[Your goal]:
Please restate each line of the data that follows word for word, skipping any image.

[Given data]:
+---+

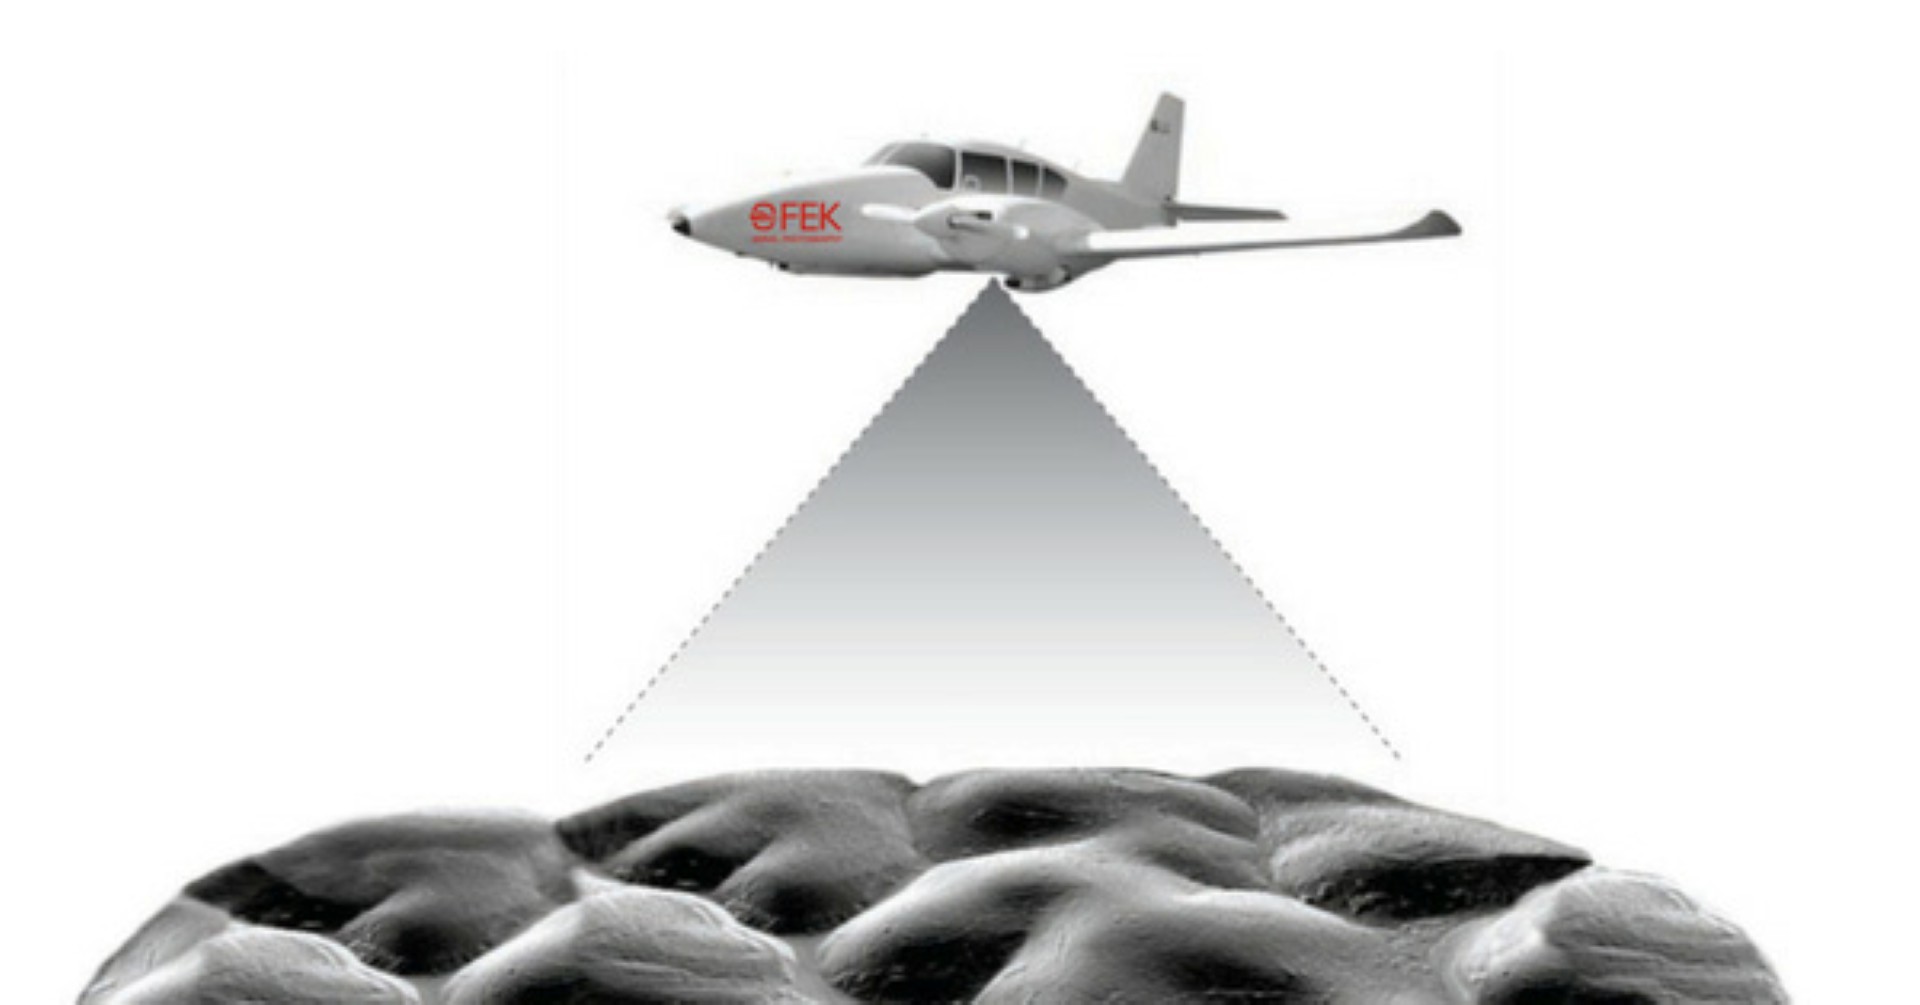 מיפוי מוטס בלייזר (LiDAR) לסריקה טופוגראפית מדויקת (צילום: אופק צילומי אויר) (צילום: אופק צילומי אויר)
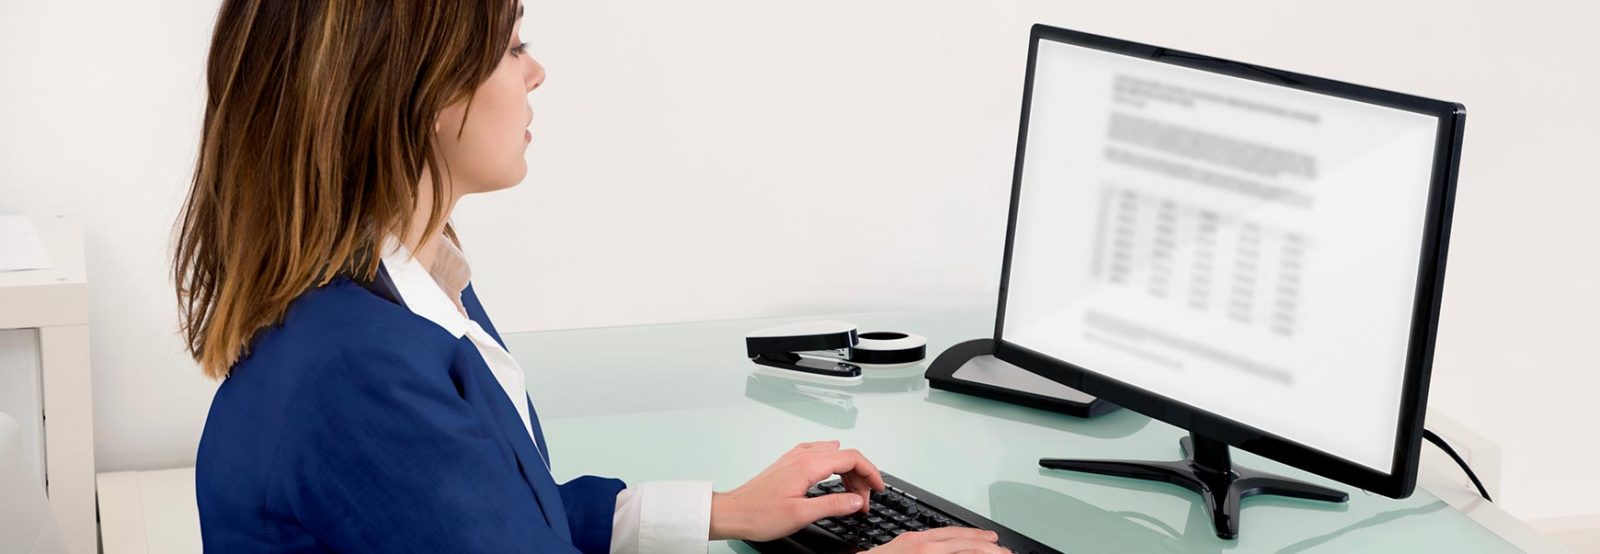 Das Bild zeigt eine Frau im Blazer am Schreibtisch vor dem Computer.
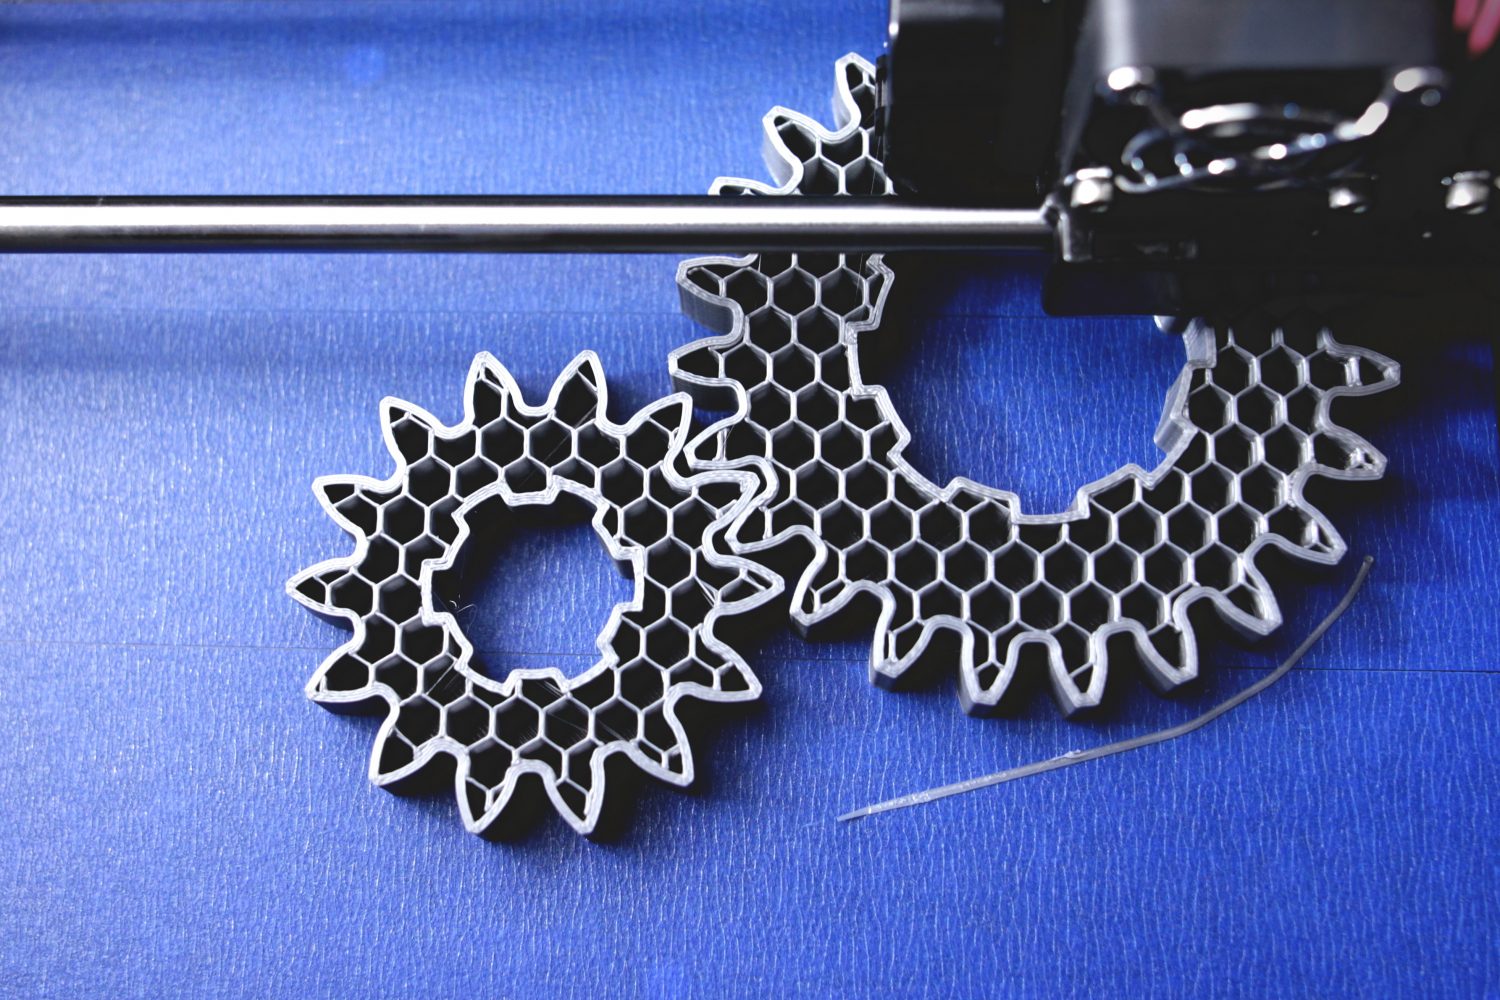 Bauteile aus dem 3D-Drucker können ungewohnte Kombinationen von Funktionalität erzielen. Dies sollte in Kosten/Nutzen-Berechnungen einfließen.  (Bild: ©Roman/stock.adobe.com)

+---+

[Completed task]:
 מיפוי מוטס בלייזר (LiDAR) לסריקה טופוגראפית מדויקת (צילום: אופק צילומי אויר) (צילום: אופק צילומי אויר)
 Das Bild zeigt eine Frau im Blazer am Schreibtisch vor dem Computer.
 Bauteile aus dem 3D-Drucker können ungewohnte Kombinationen von Funktionalität erzielen. Dies sollte in Kosten/Nutzen-Berechnungen einfließen.  (Bild: ©Roman/stock.adobe.com)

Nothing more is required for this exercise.